» Task goal
Directions for the data below: repeat exactly the lines from the one with "#WrestlingShirtADayinMay Day 26" through the one with "and other watches/smartwatches", both included, and omit all pictures.

» Recorded information
>>>>>

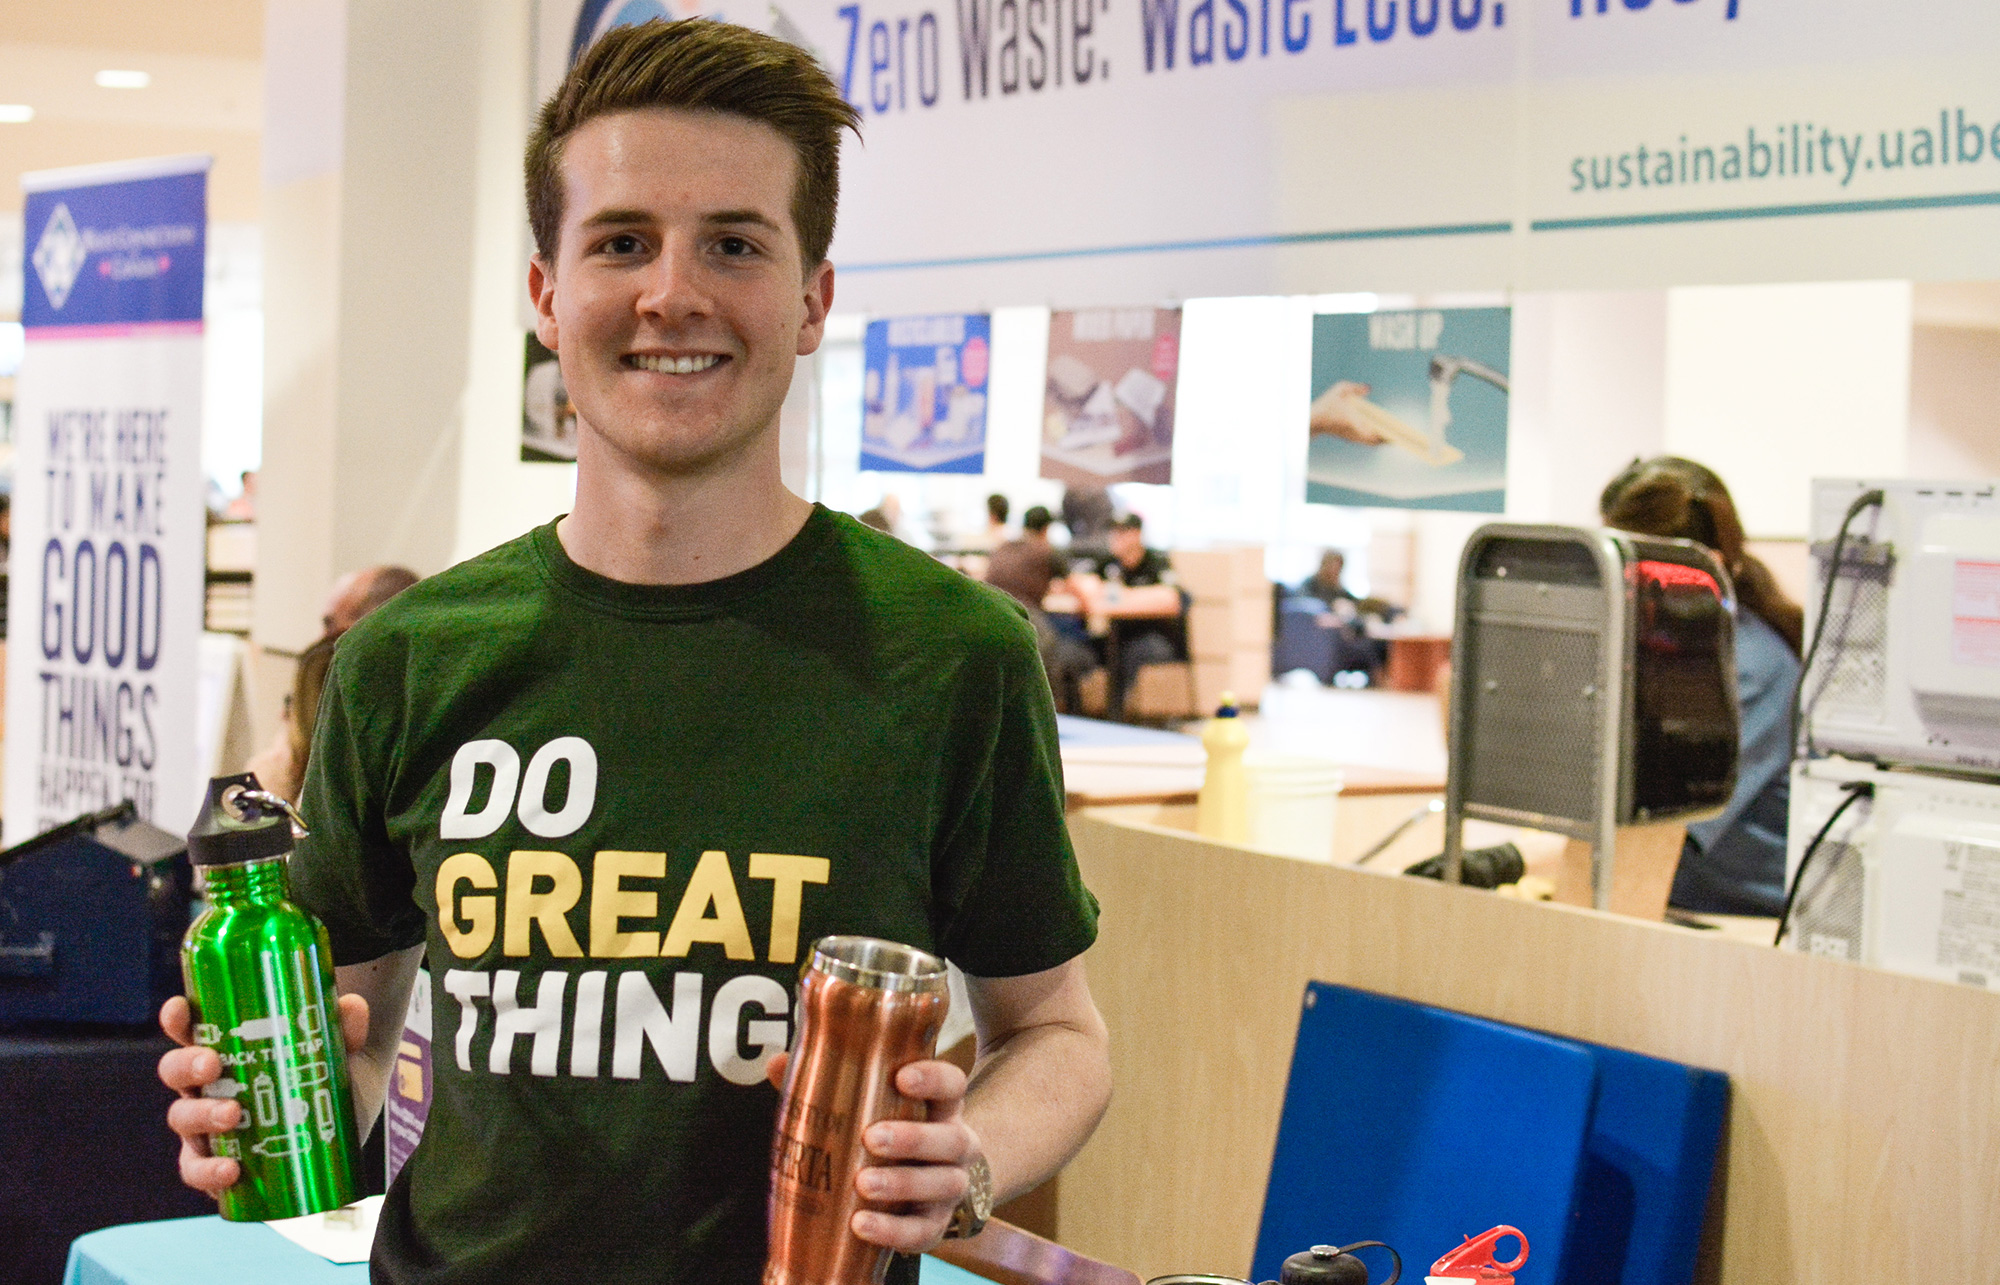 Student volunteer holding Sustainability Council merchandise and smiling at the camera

<<<<<
>>>>>

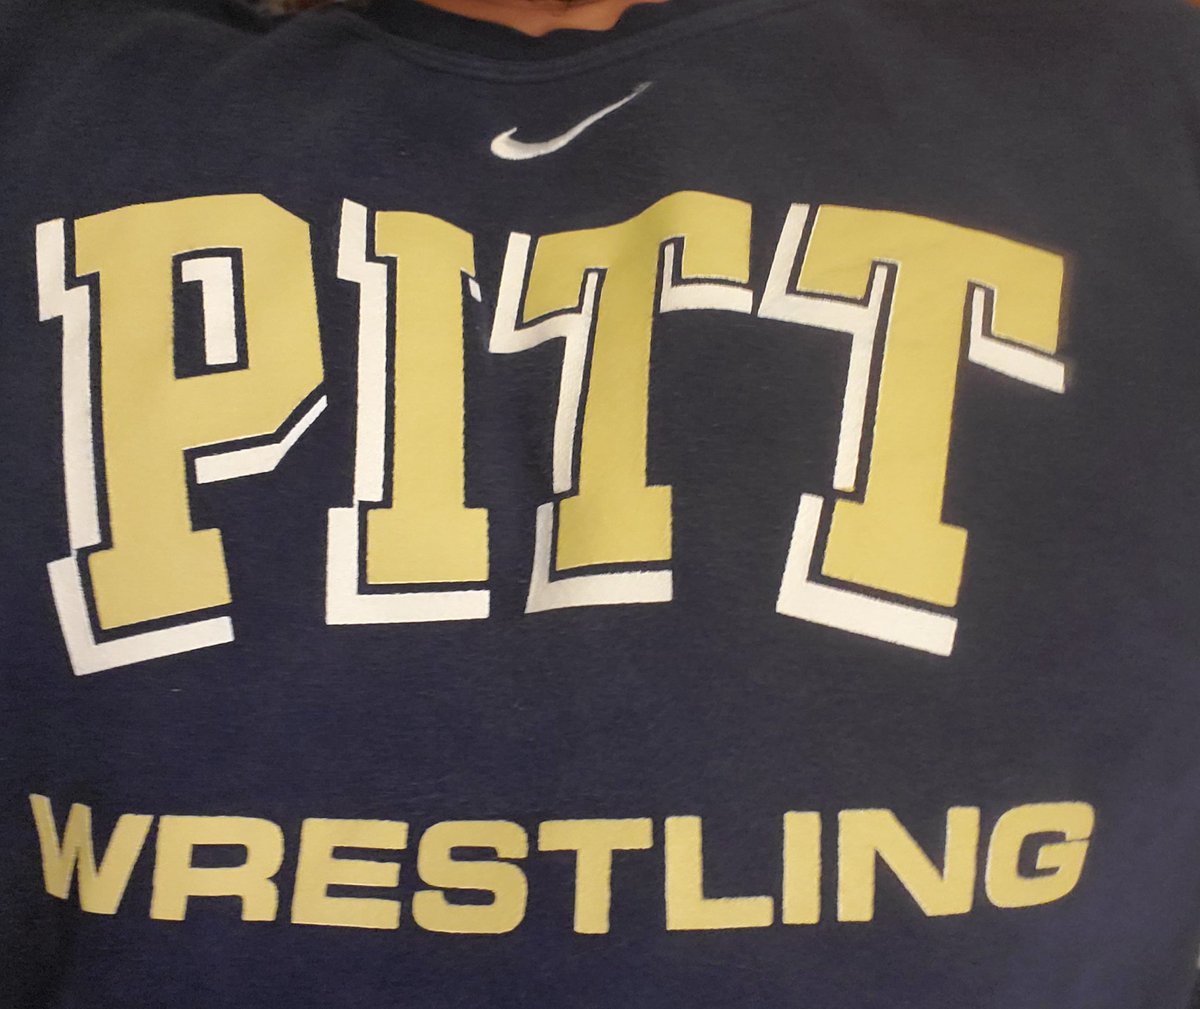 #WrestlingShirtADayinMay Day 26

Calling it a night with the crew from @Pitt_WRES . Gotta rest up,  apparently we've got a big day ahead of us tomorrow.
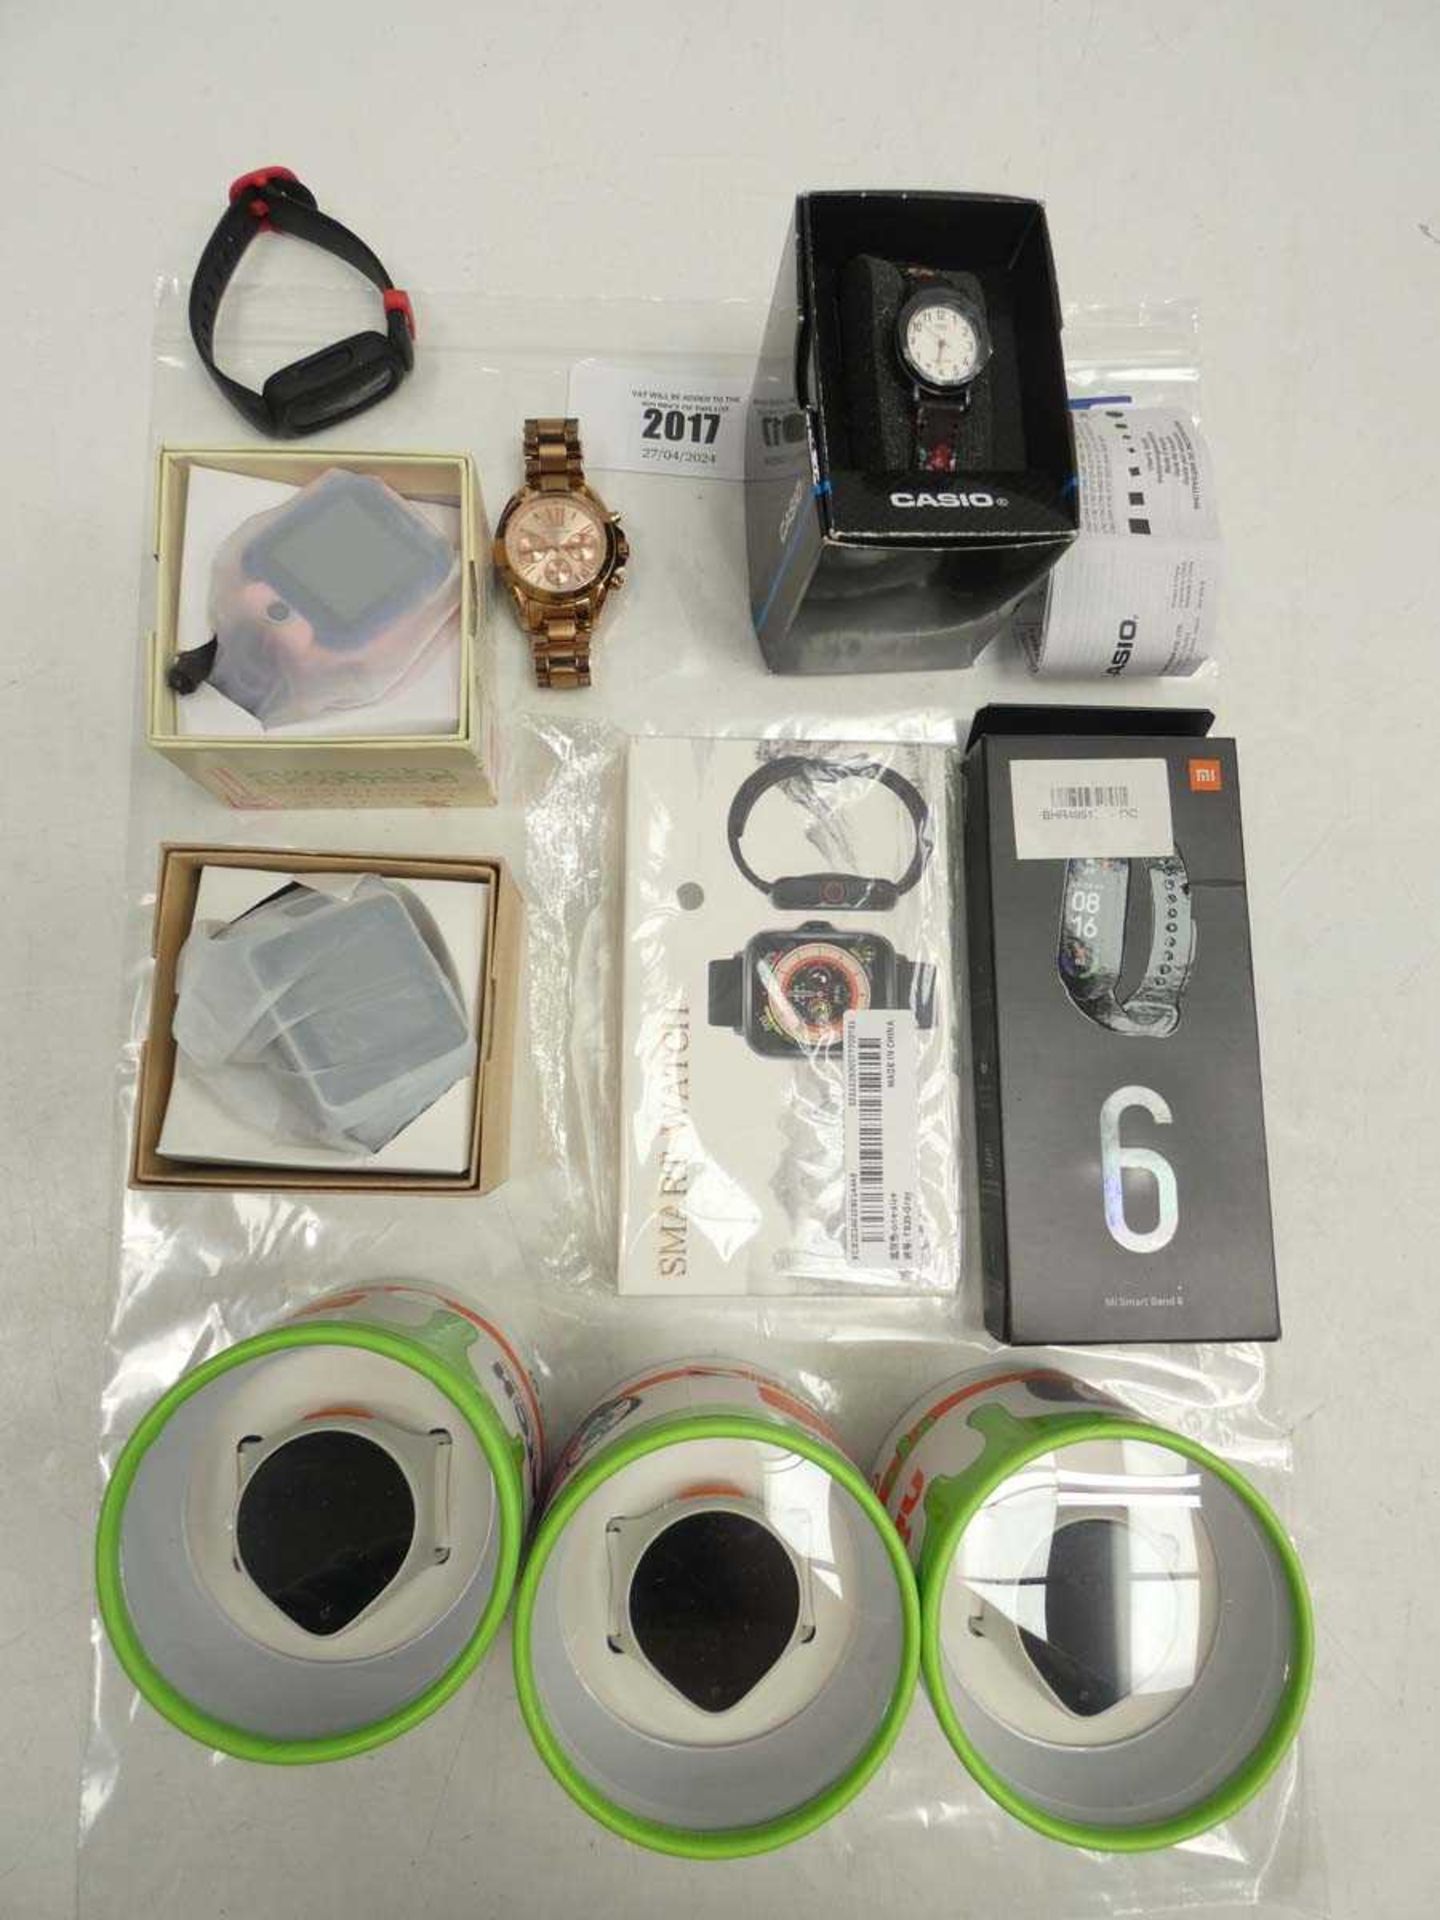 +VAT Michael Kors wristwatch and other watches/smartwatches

<<<<<
>>>>>

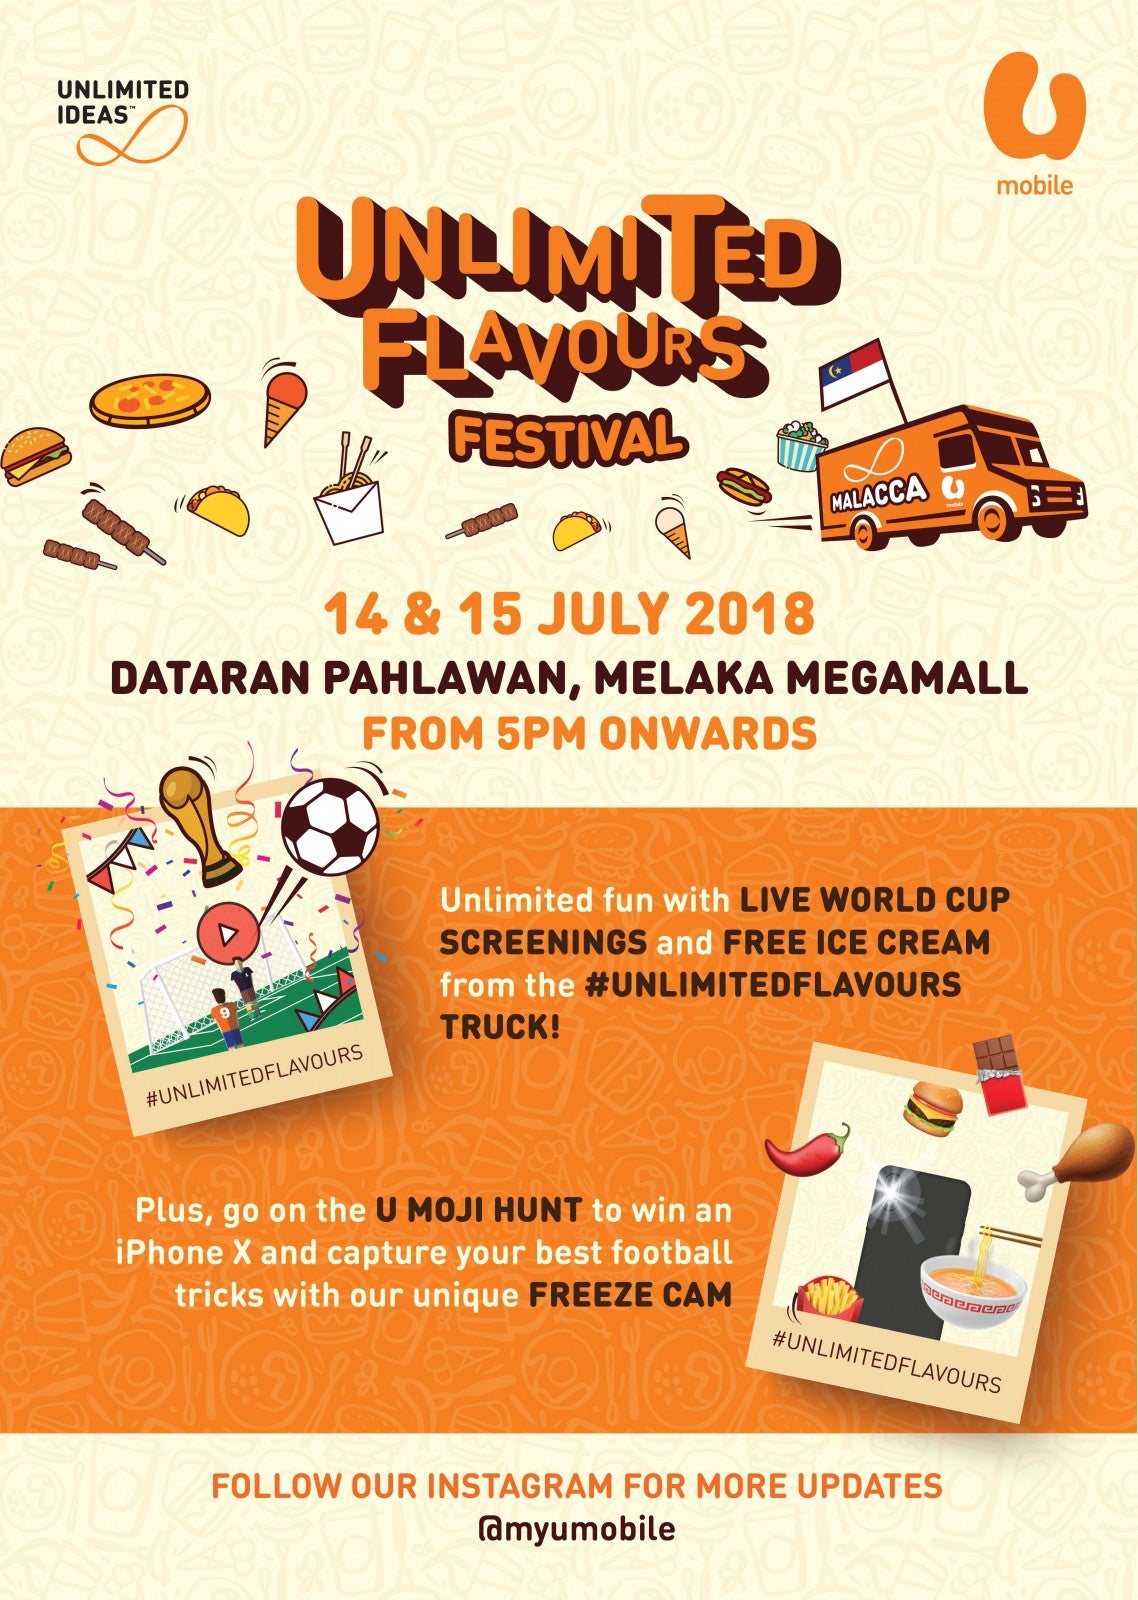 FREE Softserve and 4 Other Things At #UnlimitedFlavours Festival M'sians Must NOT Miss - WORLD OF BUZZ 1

<<<<<

» Output for this task
 #WrestlingShirtADayinMay Day 26

Calling it a night with the crew from @Pitt_WRES . Gotta rest up,  apparently we've got a big day ahead of us tomorrow.
 +VAT Michael Kors wristwatch and other watches/smartwatches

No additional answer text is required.